Большой хуже. Подлый хуже.
— Не дадим опорочить нашу историю!
— Да я не порочу. Я пытаюсь осмыслить. Почему, скажем, Ивана Грозного беспощадно анализируют, а Сталина, убившего в тысячи раз больше, — защищают? Сталин — свой, социалистический, а Грозный — чужой, монархический? Монархическое было Сталину не так уж чуждо. Увлечение формой, золотыми погонами, названия орденов (жаль, орден Малюты Скуратова для НКВД учредить не успел) — все это о чем-то говорит. “Социалистический”, “монархический” — в данном случае чистая терминологическая условность. Пол Пот тоже коммунизм строил (и даже на некоторое время построил!) — что ж нам теперь, Героя ему дать? (А ведь давали. И Насеру, и...)
Кто заморозил хрущевскую “оттепель”? Сталинский аппарат. Кто подламывает перестройку? Все тот же аппарат. И сегодня мы все думаем, как его переучить. Это маловероятно: старую собаку не выучишь новым фокусам.
...И не было бы у нас в истории ни Катыни-40, ни Будапешта-56, ни Праги-68, ни Кабула-80—89, ни хлебного импорта, ни...(ни десятилетней Чеченской войны).
И никто бы нас не порочил. И Ростропович сидел бы дома и играл бы нам на виолончели.
…В принципе следовало бы одинаково ненавидеть Гитлера и Сталина. И меня самого смущает тот факт, что жизнь в победившей стране заставляет меня больше ненавидеть Сталина. О Гитлере почти не вспоминаю. О Сталине поневоле думаю ежедневно. Им пропитаны книги, улицы, воздух. Зайдешь на Красную площадь — вон он стоит, высокий, серый, рядом с другими, высокими, серыми. И не идут из ума его слова:
— Приятно и радостно знать, что кровь, обильно пролитая нашими людьми, не прошла даром, что она дала свои результаты.

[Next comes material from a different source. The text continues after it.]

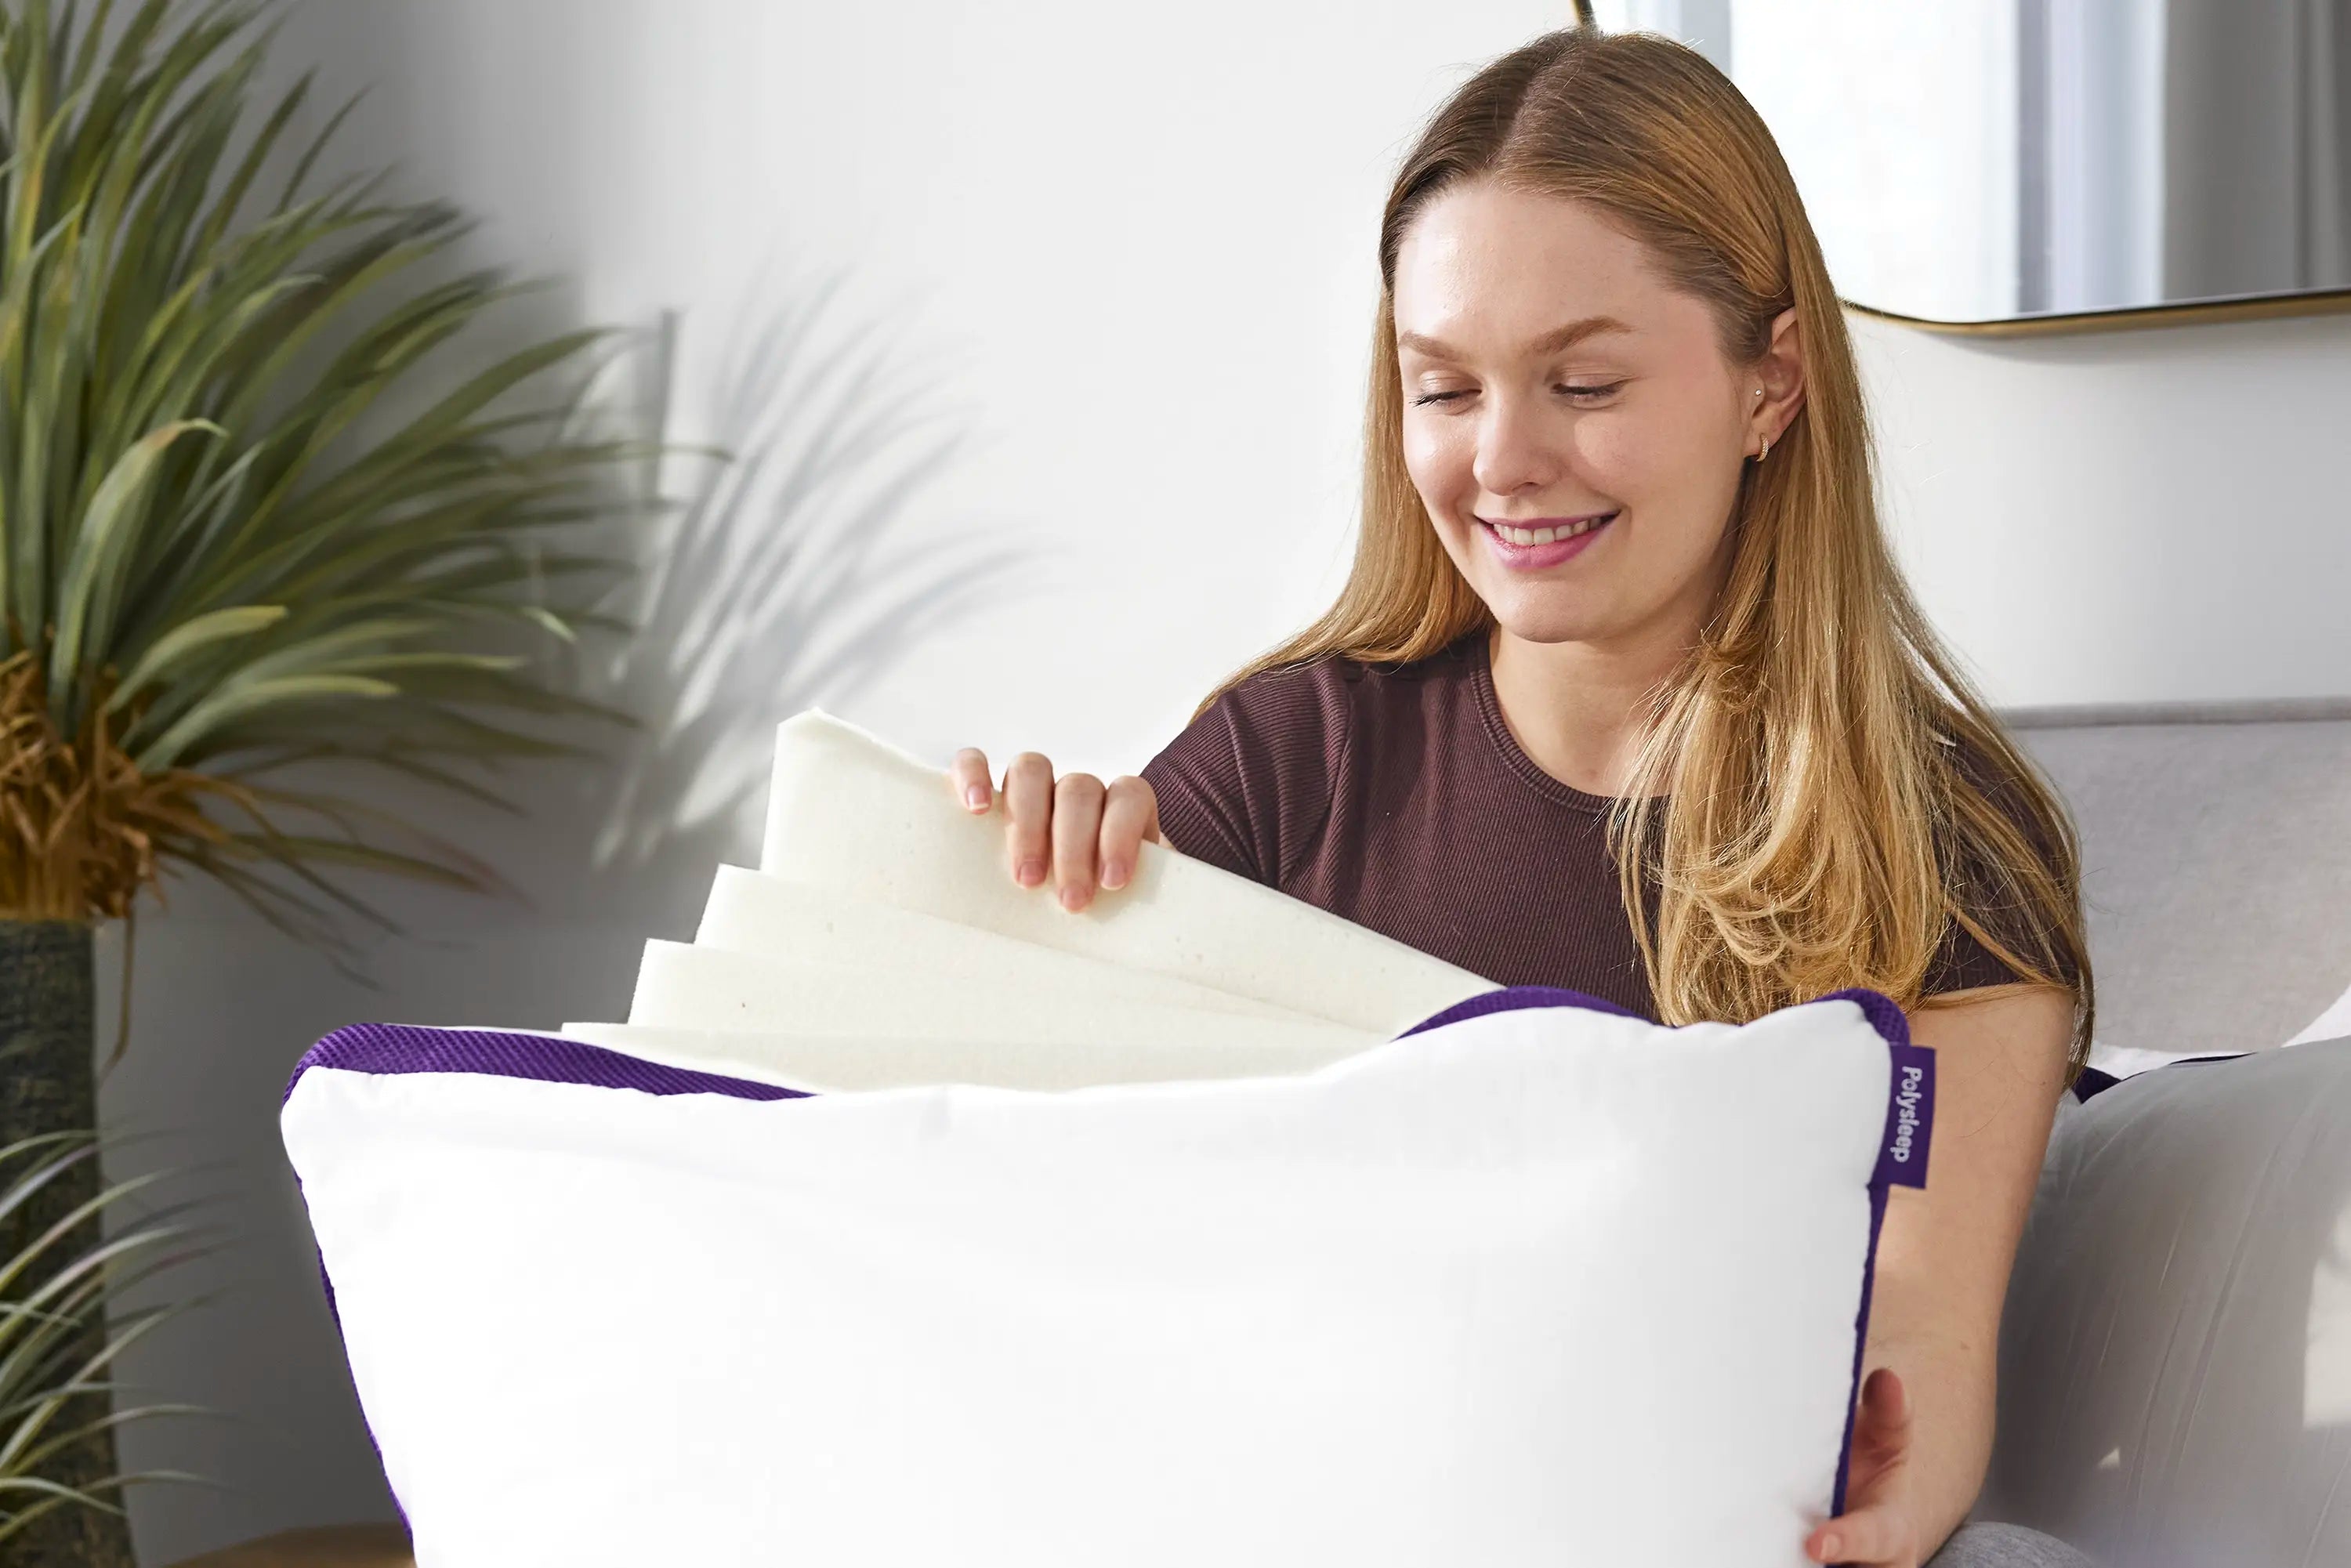 Polysleep Pillow - 100% Customizable Pillow

“Приятно и радостно”! Кажется, даже слышно, как вампир причмокивает.
— Так что же получается?! И победой над фашизмом гордиться нельзя?! Получается — вообще нечем гордиться?! Один стыд?!
— А вы не огорчайтесь. Те, кто стыдится, гораздо лучше себя ведут, чем гордецы. У кого стыд есть, тот никого не обижает, работает хорошо, не ворует, все его любят. А гордец, известно, чуть что — в драку лезет. А после, на позор всему миру, ходит с битой рожей.
Р.S. В “Огоньке” прочли — сказали: иди с Богом.
В “Московских новостях” Егор Яковлев прочел — сказал: ну-у, это лет через пять... если тенденция не изменится.
Американец прочел — пожал плечами: о чем речь? — это давно всем известно.
Немец (ФРГ) прочел — закричал: нет-нет! Гитлер хуже! Гитлер в тысячу раз хуже, потому что у него был порядок!
В “Апреле”(был такой демократический альманах) прочли — схватили: берем! печатаем! в ближайшем номере! Потом раздумали: нельзя — фронтовики обидятся.
Мужик — хромой инвалид, всю войну в пехоте прошедший, прочел — сказал: “Спасибо. Все — правда”.